One of the features of current world economic policy is the implicit effort of the European Central Bank to gain a competitive advantage by driving the value of the Euro lower on the foreign exchanges. Yesterday there was another effort via Reuters.

A consensus is forming at the European Central Bank to take the interest rate it charges banks to park money deeper into negative territory in December, four governing council members said, a move that could weaken the euro and push up inflation.

Some argue that a deposit rate cut should even be larger than the 0.1 percent reduction currently expected in financial markets, the policymakers said.

Actually after the recent speeches of Mario Draghi it was already clear that a deposit rate cut of more than 0.1% was being considered. Or perhaps more specifically they want us to think is being considered. Reuters did however touch on what I consider is the real game here.

The euro fell by as much as half a cent in response to the Reuters story

Draghi’s Currency Wars

Back at the last policy meeting for the ECB it had a problem. The Euro effective or trade weighted exchange rate was in the low 94s which is where it was when it implemented a major expansion of asset purchases back in January. To be specific the value of the Euro had fallen sharply initially and had continued lower until it dipped below 89 in mid-April. But from then onwards it had risen back to pretty much where it had begun. If you look at this in terms of bang for your buck then treading water does not seem especially good value in return for 60 billion Euros of QE a month.

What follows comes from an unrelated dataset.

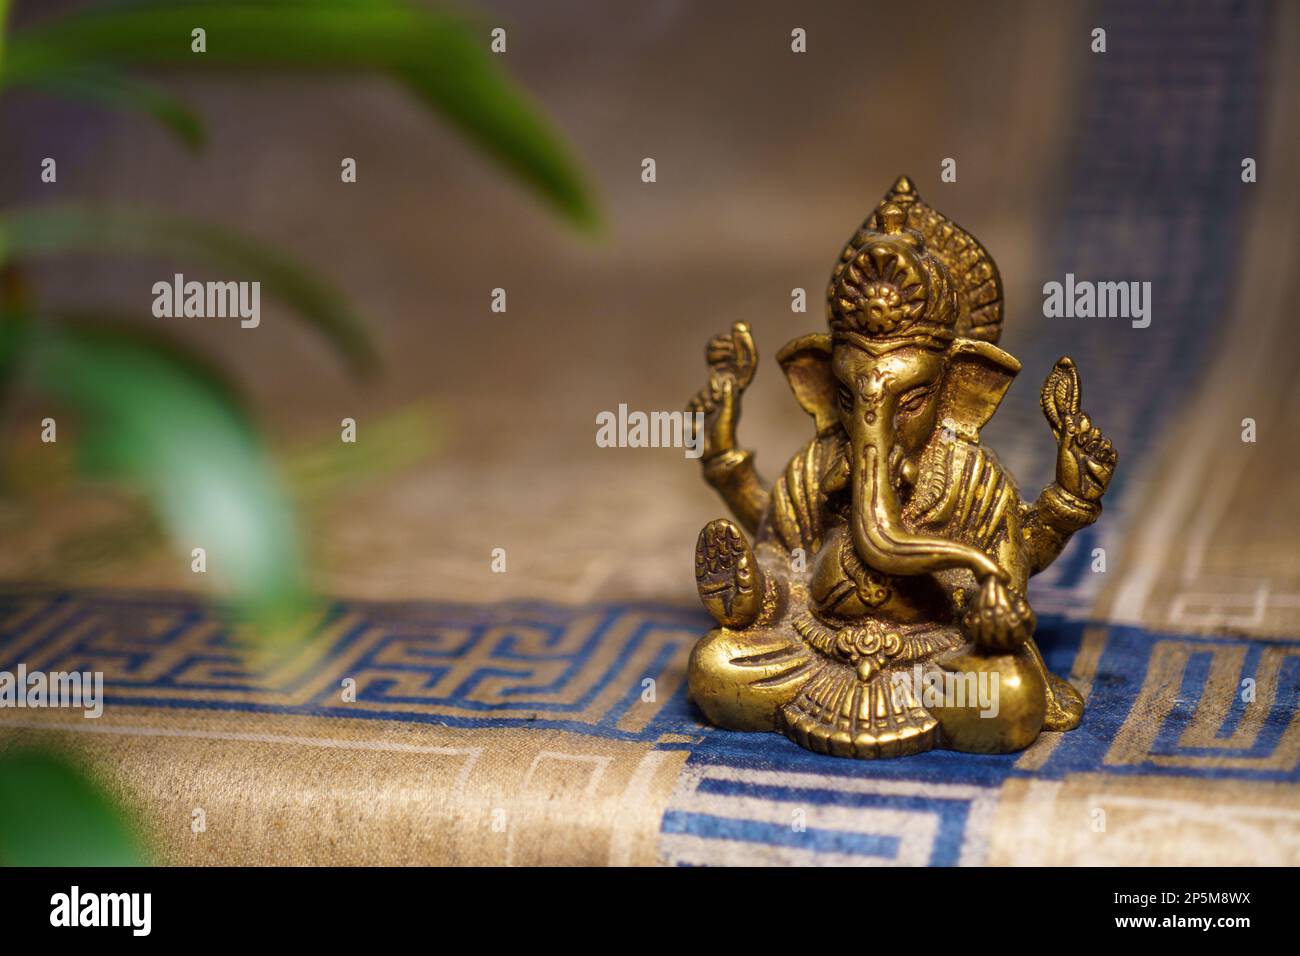 Bronze ganesha statue on a golden rug with a green plant in the foreground Stock Photo

Thus we saw Mario Draghi respond with a salvo of Open Mouth Operations which have involved hints and promises about taking the deposit rate which is already at -0.2% lower and either a fast rate of asset purchases or extending the term beyond the current end date of 2016. In response the Euro has fallen again and has done so most markedly against the US Dollar where it is now in the 1.07s but if we look wider we see that it is at 91.55 on the effective index. Accordingly Mario’s jawboning has been a success in financial markets terms as the Euro has dropped, however for the real economy we need to take care as if you think about it investment decisions are based on estimates of where they think an exchange-rate will be over a period of years not weekly or monthly fluctuations.

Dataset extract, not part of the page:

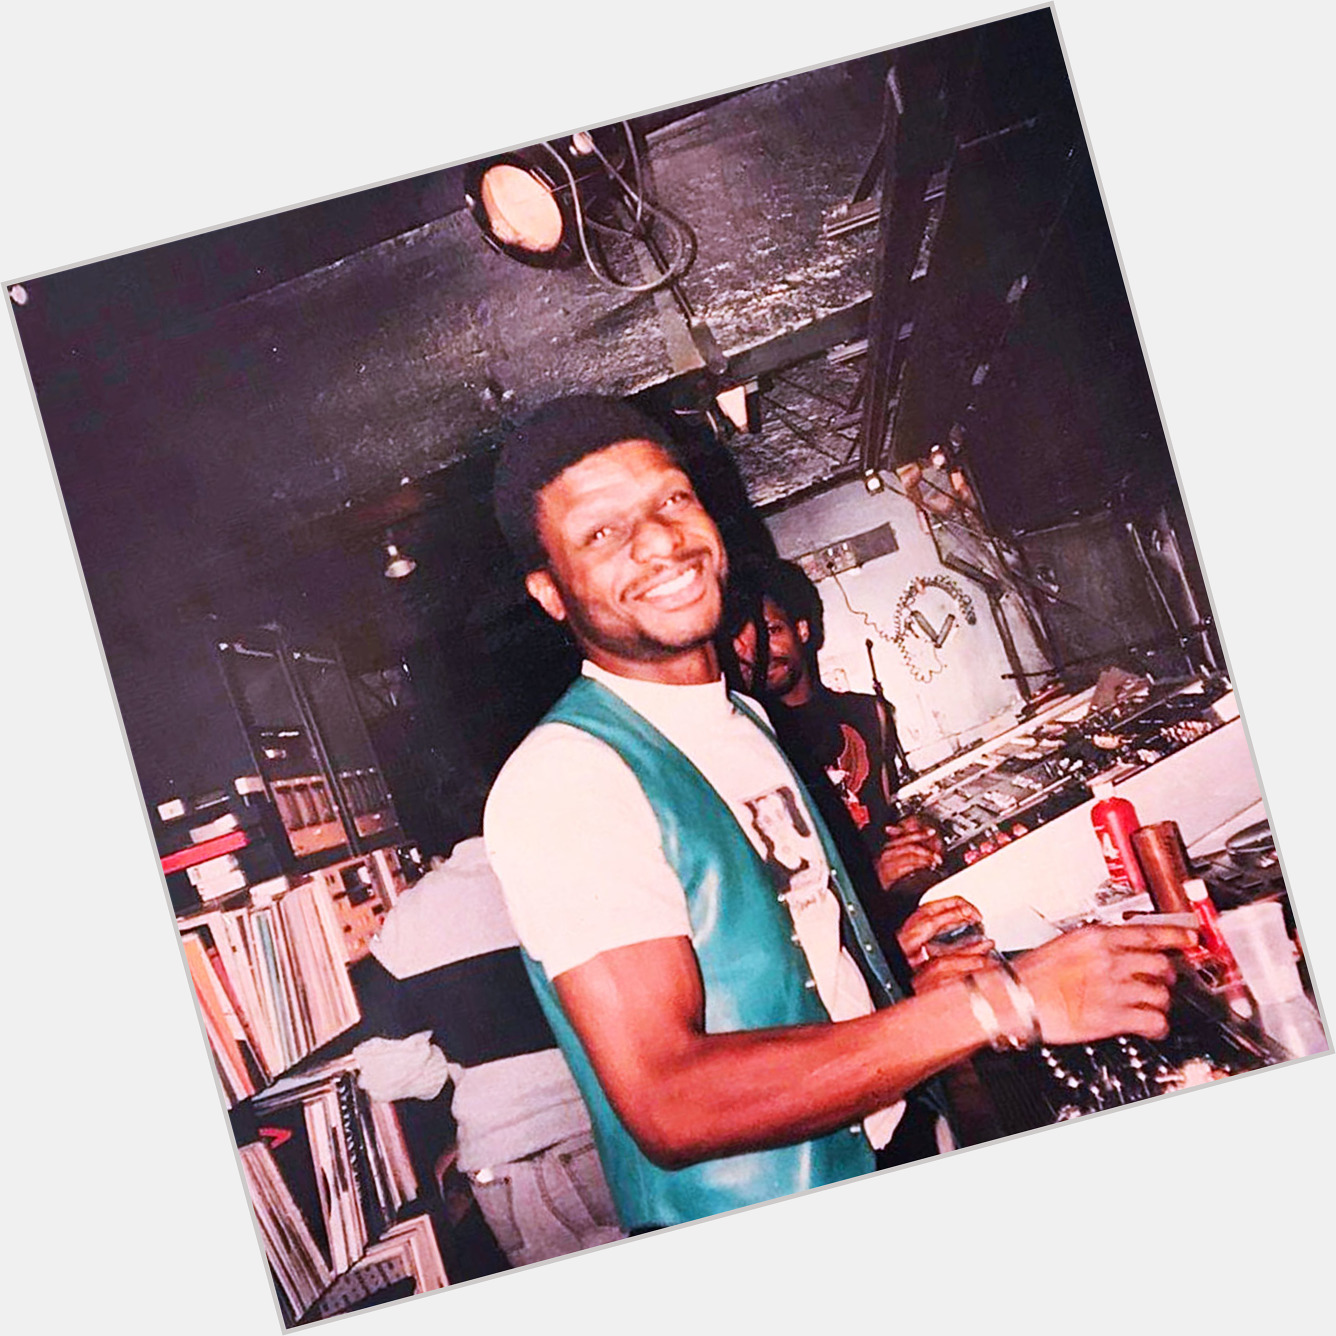 Happy Birthday to house music legend Larry Levan who would have been 67 today!

Mario has not always been a soft currency supporter

Back in July 2013 we were told a rather different story. From Reuters.

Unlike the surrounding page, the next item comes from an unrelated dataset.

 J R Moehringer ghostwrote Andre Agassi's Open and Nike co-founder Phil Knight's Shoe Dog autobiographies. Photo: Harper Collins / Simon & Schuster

Noting that the currency’s recent strengthening on foreign exchange markets was a sign of renewed confidence in the euro, Draghi told a news conference:

So the current weakening is a sign of a lack of confidence in the Euro which Mario is encouraging? Anyway a year later Mario had decided you could have too much of a good thing. From CNBC in July 2014.

The recent rise in the value of the euro could stifle the flickering signs of growth in the euro zone,

Such reminders raise a wry smile but to be fair they also indicate that too much pressure is on central banks these days in terms of economic policy. Thus they have morphed into political style behaviour.

Competitive Devaluation

Here is something that rarely gets a mention so perhaps it is another example of the military dictum that it is best to hide something in plain sight. In today’s complex world how do you define a competitive devaluation and indeed exporting deflation. Well I would suggest that acting to drive your currency lower via monetary expansion when you are in the process of announcing a quarterly current account surplus of 53.8 billion Euros is a clear example. Indeed fuel is added to the fire by the fact that the surplus was over 20 billion Euros larger than a year before.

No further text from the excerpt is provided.